German mathematician

Ruth Moufang (10 January 1905 – 26 November 1977) was a German mathematician.

== Biography ==
She was born to German chemist Eduard Moufang and Else Fecht Moufang. Eduard Moufang was the son of Friedrich Carl Moufang (1848–1885) from Mainz, and Elisabeth von Moers from Mainz. Ruth Moufang's mother was Else Fecht, who was the daughter of Alexander Fecht (1848–1913) from Kehl and Ella Scholtz (1847–1921). Ruth was the younger of her parents' two daughters, having an elder sister named Erica.

==Education and career==
She studied mathematics at the University of Frankfurt. In 1931 she received her Ph.D. on projective geometry under the direction of Max Dehn, and in 1932 spent a fellowship year in Rome. After her year in Rome, she returned to Germany to lecture at the University of Königsberg and the University of Frankfurt.

Denied permission to teach by the minister of education of Nazi Germany, she worked at Research and Development of Krupp (battleships, U-boats, tanks, howitzers, guns, etc.), where she became the first German woman with a doctorate to be employed as an industrial mathematician. At the end of World War II she was leading the Department of Applied Mathematics at the arms industry of Krupp.

In 1946 she was finally allowed to accept a teaching position at the University of Frankfurt, and in 1957 she became the first woman professor at the university.

==Research==
Moufang's research in projective geometry built upon the work of David Hilbert. She was responsible for ground-breaking work on non-associative algebraic structures, including the Moufang loops named after her.

In 1933, Moufang showed Desargues's theorem does not hold in the Cayley plane. The Cayley plane uses octonion coordinates which do not satisfy the associative law. Such connections between geometry and algebra had been previously noted by Karl von Staudt and David Hilbert. Ruth Moufang thus initiated a new branch of geometry called Moufang planes.

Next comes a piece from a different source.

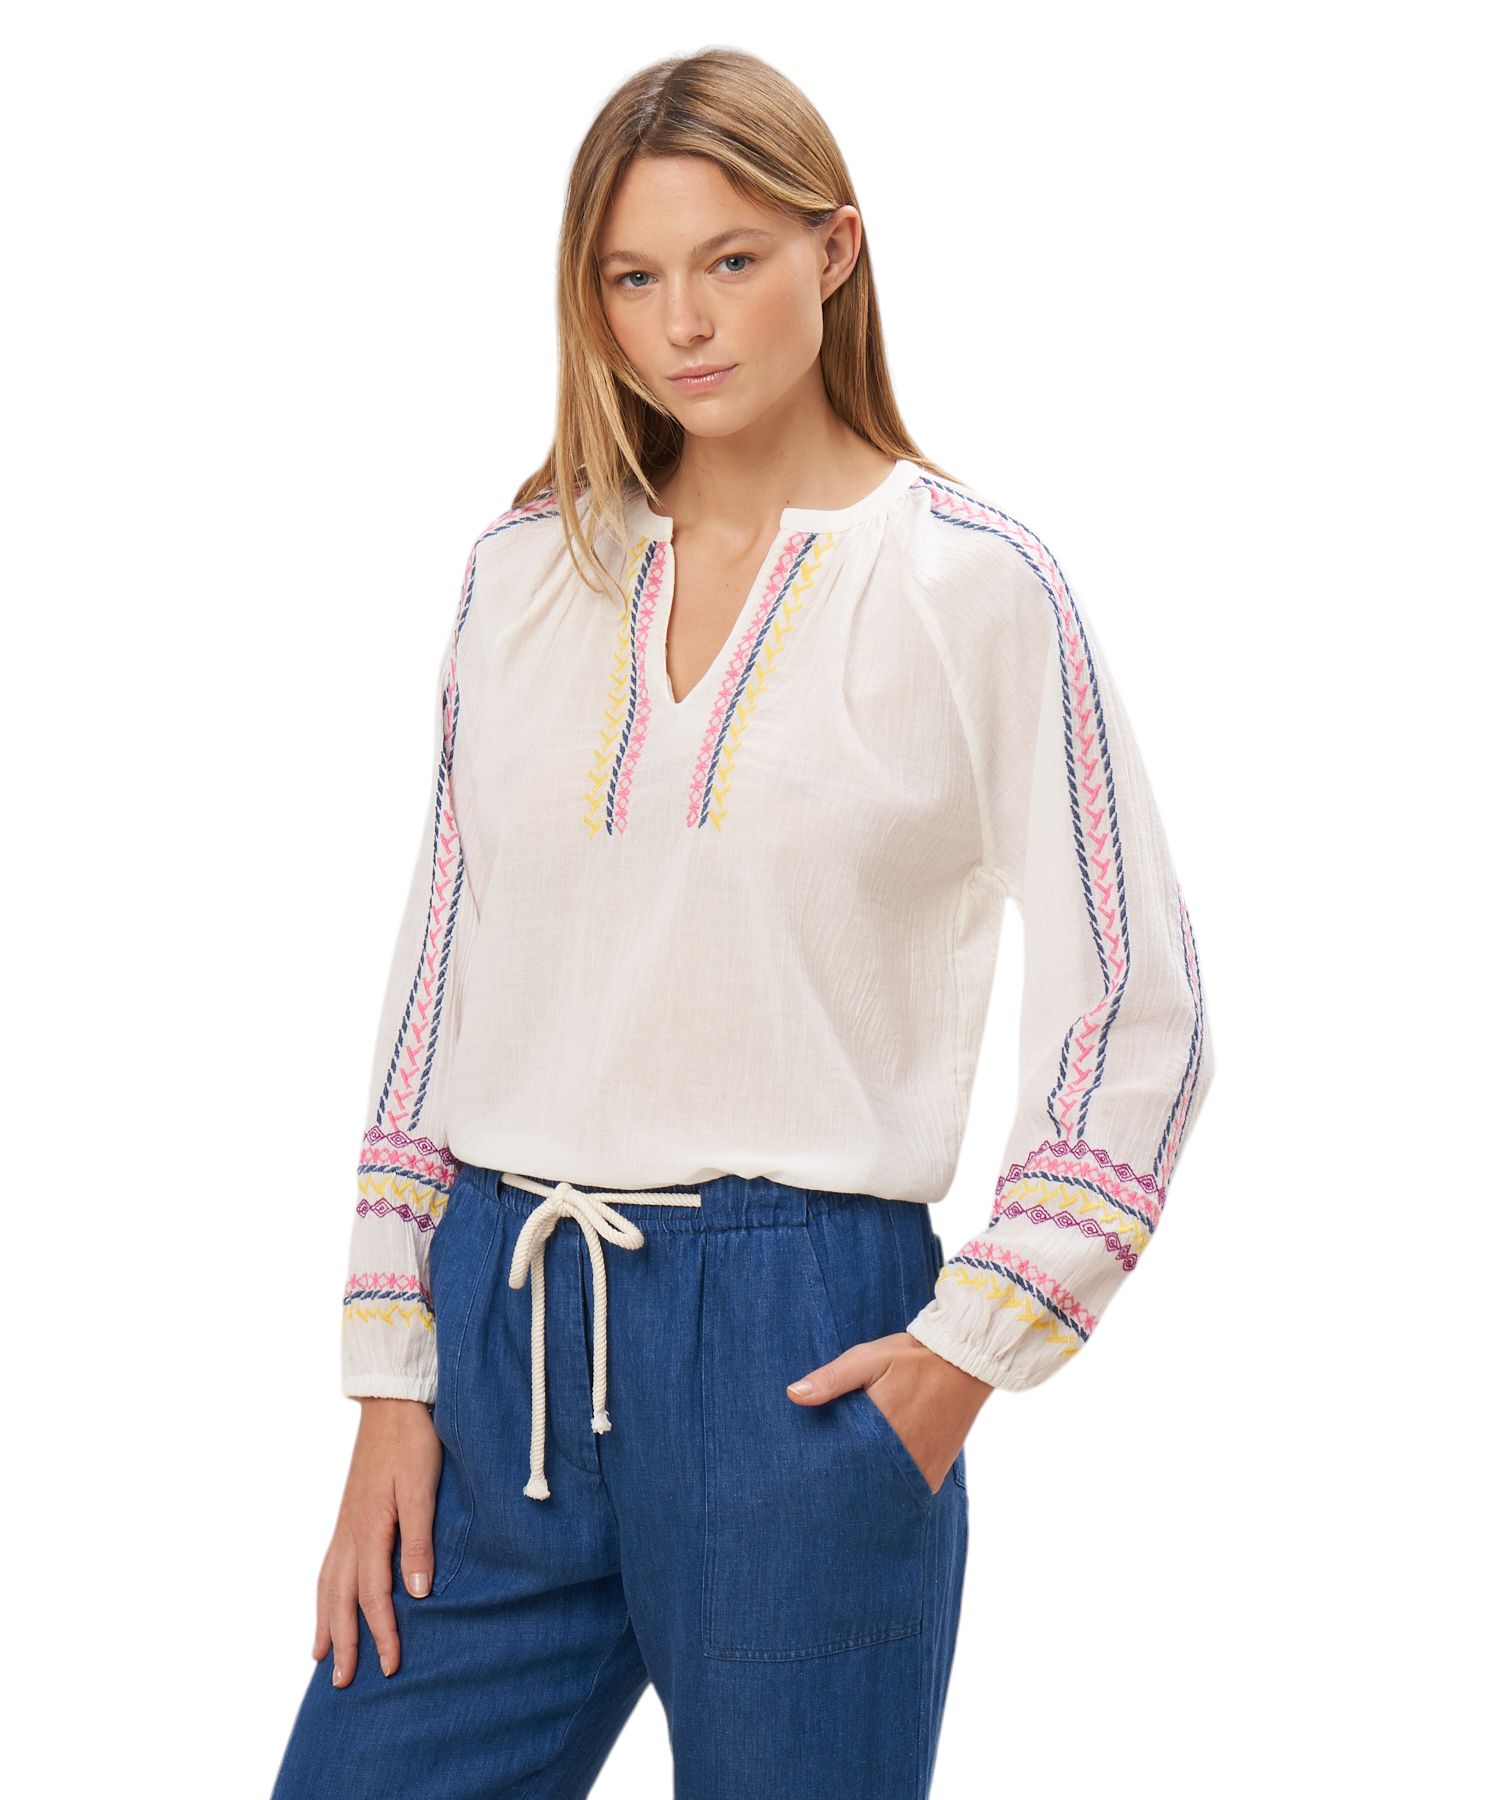 Women's Hirman Shirt Off White/Multicolor 
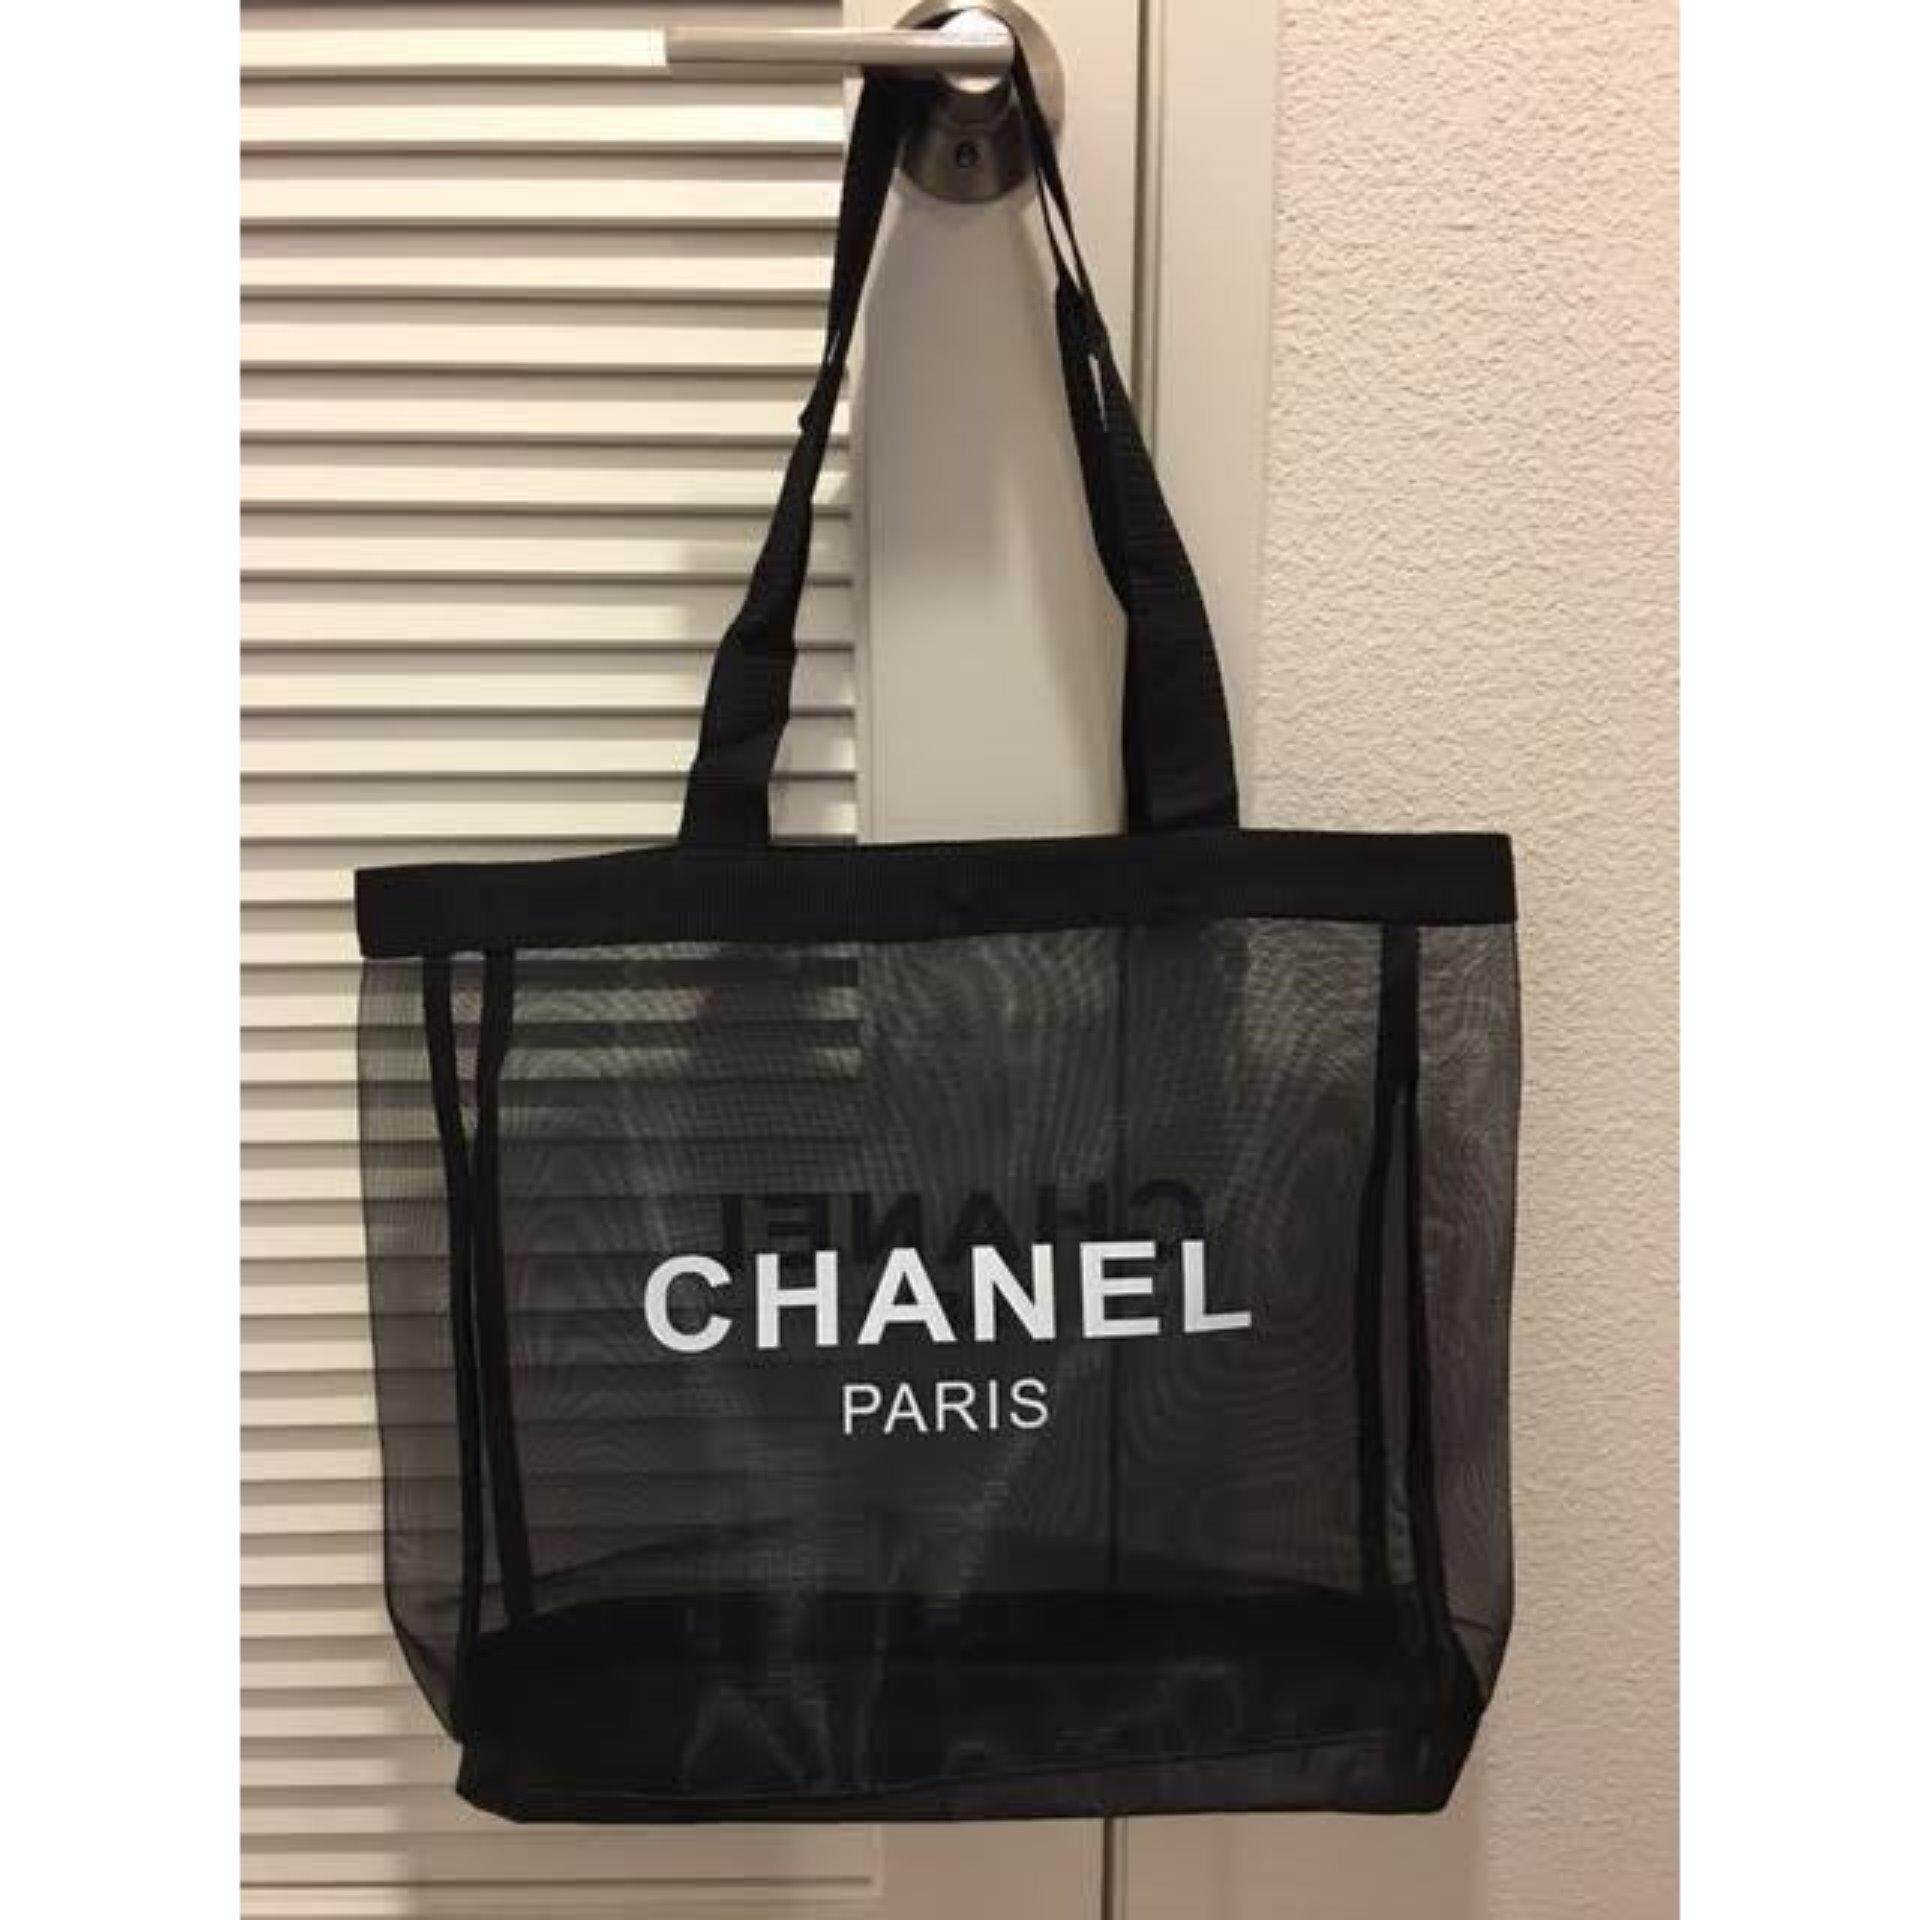 Chanel Gift Bag | Paul Smith

She published 7 papers on this topic, these are
- Zur Struktur der projectiven Geometrie der Ebene (1931);
- Die Einführung in der ebenen Geometrie mit Hilfe des Satzes vom vollständigen Vierseit (1931);
- Die Schnittpunktssätze des projektiven speziellen Fünfecksnetzes in ihrer Abhängigkeit voneinander (1932);
- Ein Satz über die Schnittpunktsätze des allgemeinen Fünfecksnetzes (1932);
- Die Desarguesschen Sätze von Rang 10 (1933);
- Alternativkörper und der Satz vom vollständigen Vierseit (D_{9}) (1934); and
- Zur Struktur von Alternativkörpern (1934).
Moufang published only one paper on group theory, Einige Untersuchungen über geordnete Schiefkörper, which appeared in print in 1937.

==General references==
- Srinivasan, Bhama (1984). "Ruth Moufang, 1905–1977"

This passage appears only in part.